Poet Camille Rankine to Read on Oct. 12

09/27/2016

Camille Rankine, author of the full-length poetry collection Incorrect Merciful Impulses and the recipient of a 2010 “Discovery”/Boston Review Poetry Prize, will give a reading on Wednesday, Oct. 12, at SUNY Cortland.

Her presentation, which continues the English Department’s Distinguished Voices in Literature Lecture series, begins at 5 p.m. in Brockway Hall, Jacobus Lounge.

The event is free and open to the public.

A visiting professor at University of Massachusetts Amherst’s MFA for Poets and Writers, Rankine lives in New York City.

She earned her bachelor’s degree from Harvard University and her Master of Fine Arts in Creative Writing from Columbia University.

Incorrect Merciful Impulses, Rankine’s first full-length poetry collection, was published in January by Copper Canyon Press. She also wrote the chapbook Slow Dance with Trip Wire, selected by Cornelius Eady for the Poetry Society of America’s 2010 New York Chapbook Fellowship.

Her poetry has appeared in numerous journals including American Poet, The Baffler, Boston Review, Denver Quarterly, Indiana Review, Narrative, Paper Darts, A Public Space and Tin House.

Rankine received a fellowship from the MacDowell Colony in 2013 and was named an Honorary Cave Canem fellow in 2012. She serves on the executive committee of VIDA: Women in Literary Arts and the board of trustees of The Poetry Project.

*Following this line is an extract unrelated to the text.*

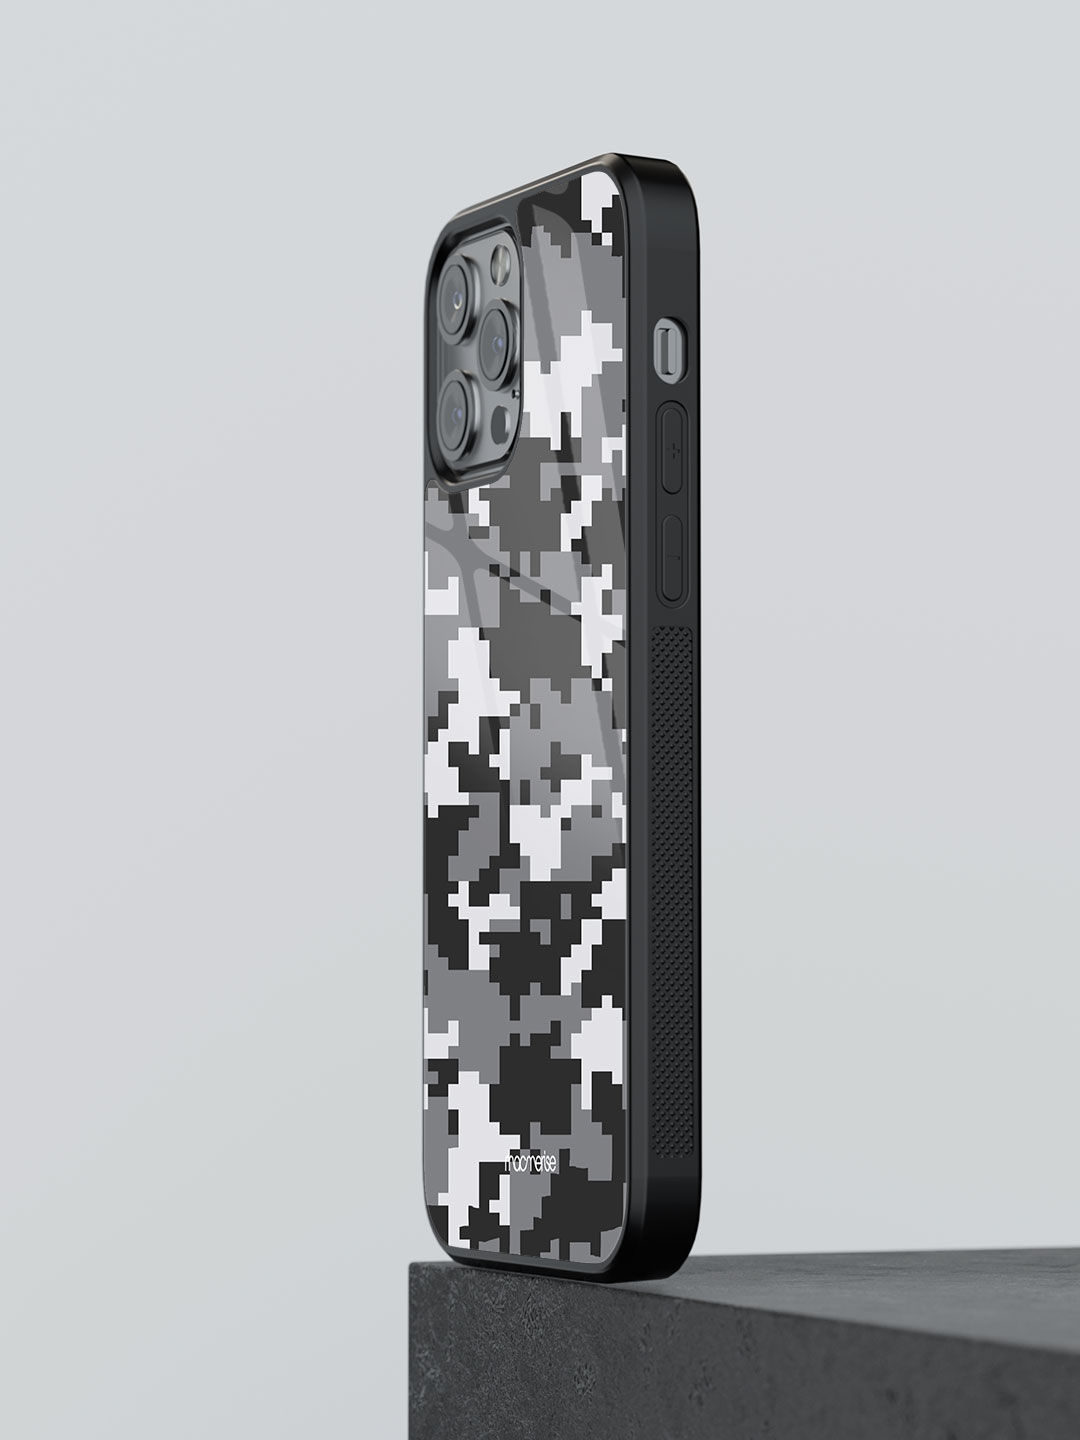 Camo Pixel Ash Grey - Glass Case For iPhone 13 Pro Max

Rankine also co-chairs the Brooklyn Book Festival Poetry Committee.

A finalist for the Poetry Foundation’s 2014 Ruth Lilly and Dorothy Sargent Rosenberg Fellowship, she was featured as an emerging poet in the Fall 2010 issue of American Poet and the April 2011 issue of O, The Oprah Magazine.

The event is co-sponsored by The President’s Fund, the Provost and Vice President for Academic Affairs’ Office, and the Cultural and Intellectual Climate Committee.